Comme écrit le 15 juin au ministre du Travail, les artisans et PME du bâtiment ne comprennent pas que la fonction publique puisse être dispensée de ce compte. Ce point est absolument scandaleux et outrancier envers le secteur privé et les artisans et PME du bâtiment.

"L'inspection générale de l'artisanat" conclut aussi à la non-application du dispositif dans ce secteur. Je me trompe, cette inspection n'existe pas !

Mais heureusement il y a l'UPA et la Capeb pour faire ce travail et permettre à nos dirigeants, législateurs et autres hauts fonctionnaires de l'ENA - Ecole Nationales de l'Apprentissage (de la politique) - d'avoir des retours du terrain.

Le menu sans les couverts

Ensuite, de quels autres comptes parle-t-on? À ce jour il est bien difficile de réaliser un tel document qui ferait le compte de la pénibilité au travail d'un salarié pour les 6 critères restants et qui sont entrés en vigueur le 1er juillet.

  • manutentions manuelles,
  • postures pénibles,
  • vibrations mécaniques,
  • agents chimiques dangereux y inclus poussières et fumées,
  • températures extrêmes,
  • bruit.

Pour résumer, les TPE et PME du bâtiment connaissent le menu mais n'ont pas les couverts : aucun référentiel ne permet de dire ce qui est pénible et à quelle hauteur.

Opposer les uns aux autres

Ce qui est pénible ? Voyons. Peut-être ces différentes politiques qui proposent de mettre en œuvre des systèmes complexes, chronophages, coûteux, absorbeurs d'énergie, ralentisseurs de croissance.
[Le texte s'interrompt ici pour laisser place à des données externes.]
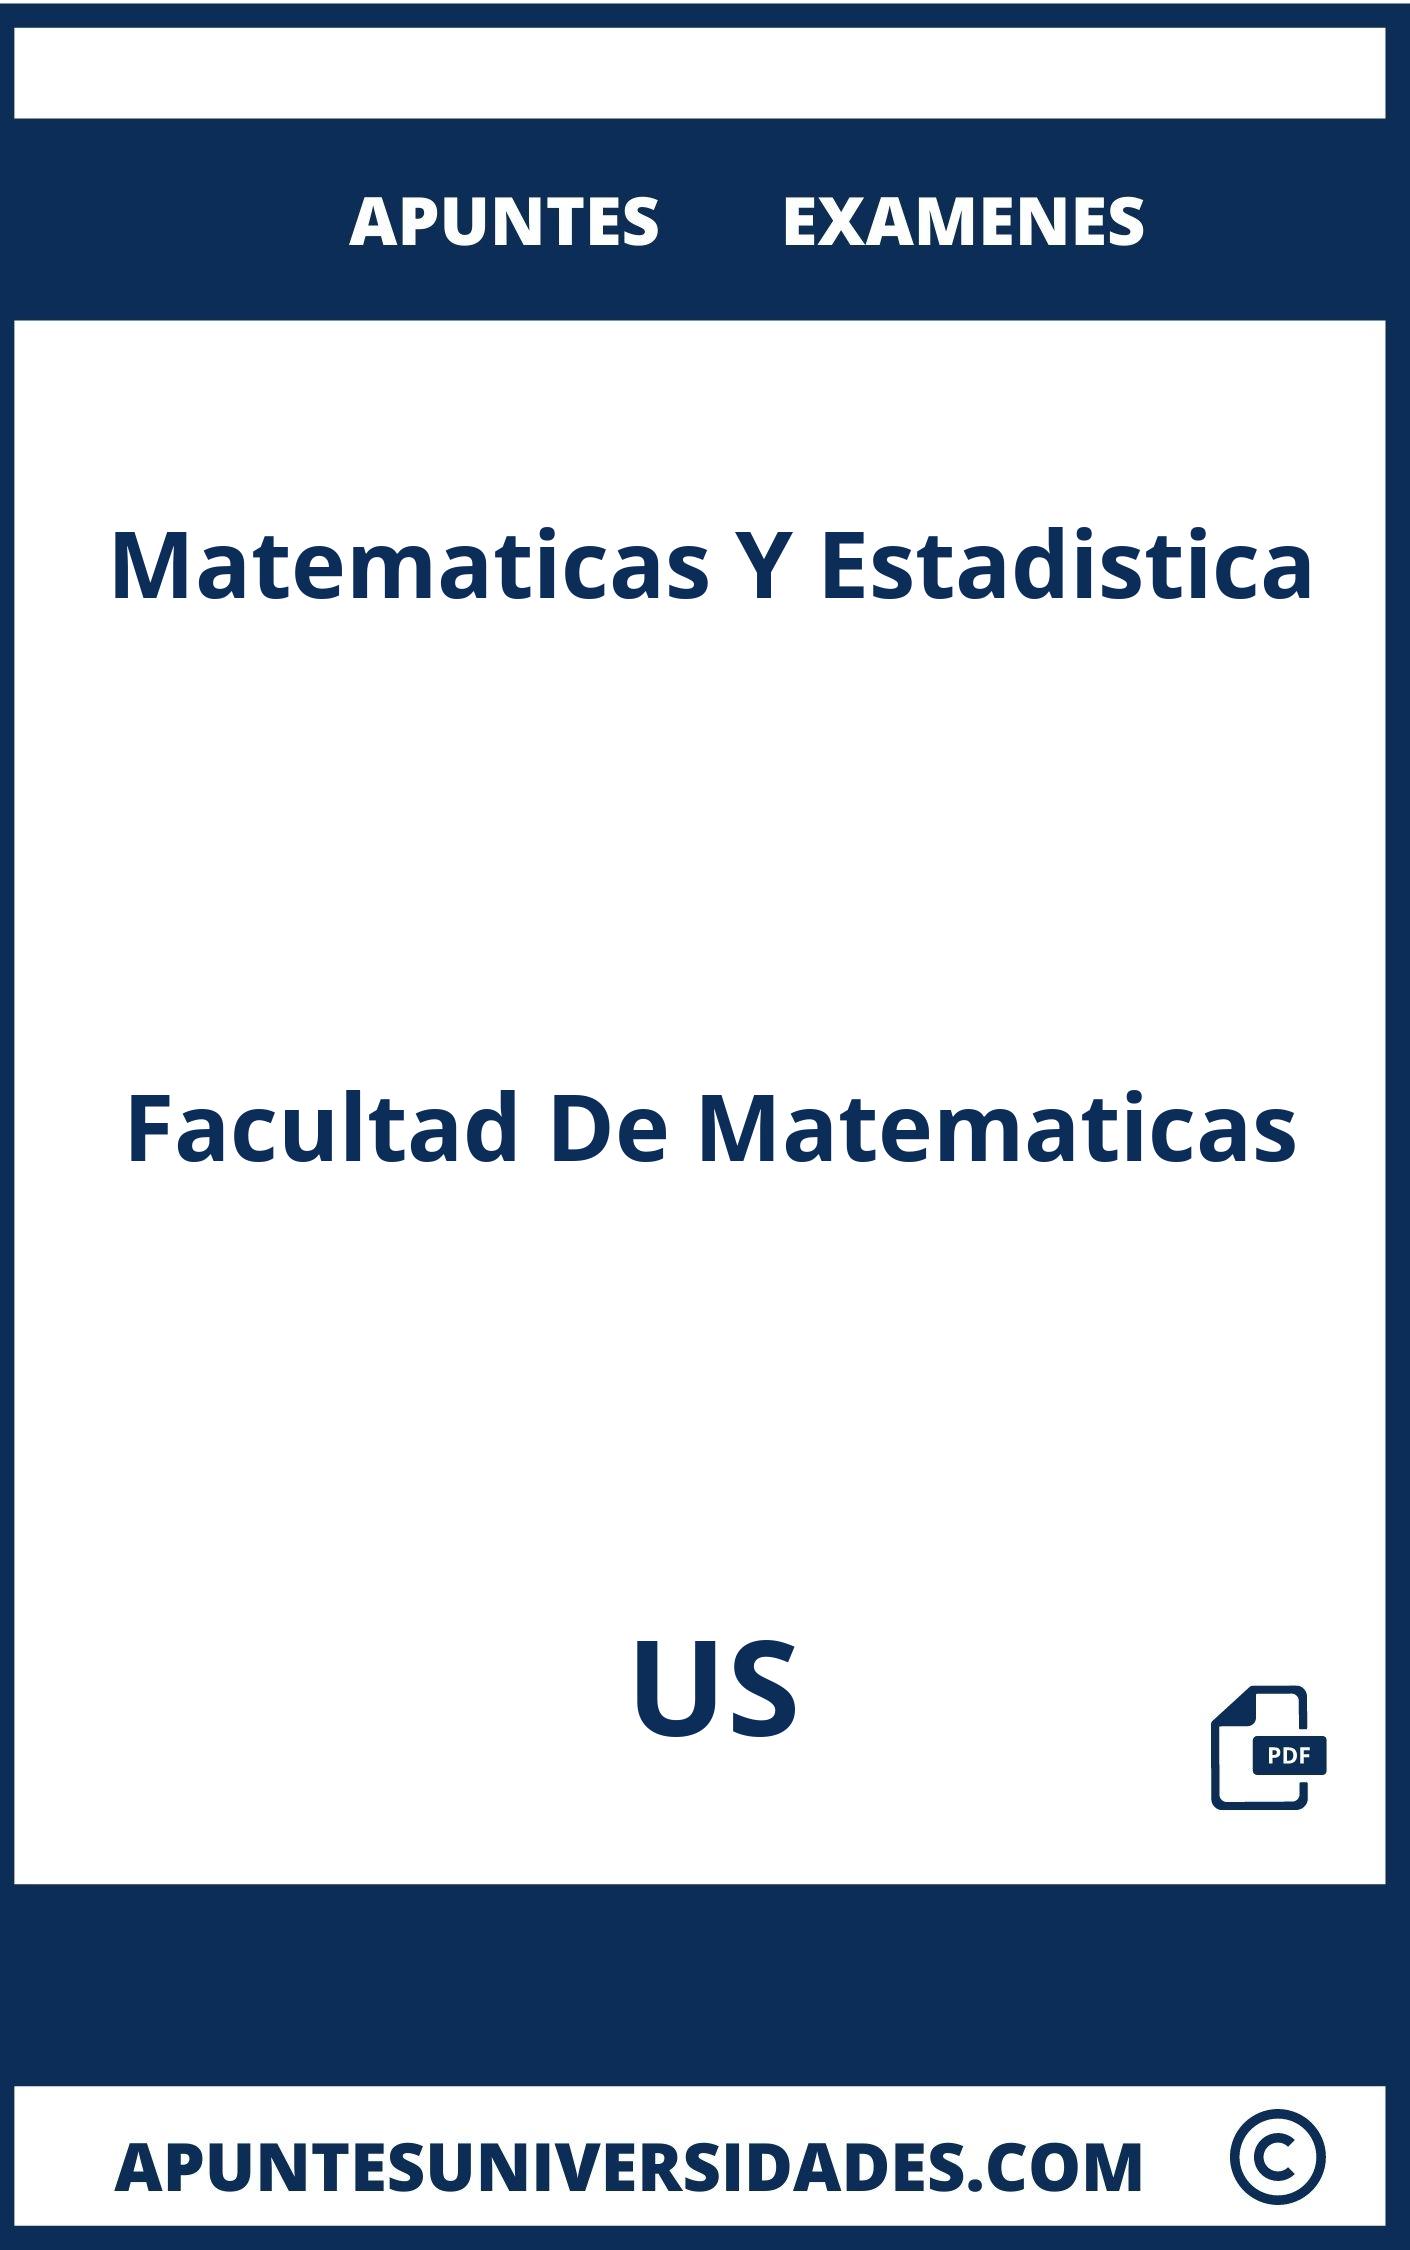 Matematicas Y Estadistica US Examenes Apuntes

Il est pénible d'avoir à appliquer des mécanismes sans les outils, sans référentiel, sans mode d'emploi ; il est pénible d'avoir à gérer au quotidien une entreprise en ces périodes de crise avec des salariés qui n'ont pas demandé l'application de ce système.

Les artisans et PME du bâtiment savent très bien la valeur des salariés, sans qui les entreprises ne fonctionnent pas, mais ce compte de prévention de la pénibilité est encore un moyen d'opposer les uns aux autres.

Il a été réfléchi (paraît-il) dans l'ignorance totale de la réalité des tâches à effectuer.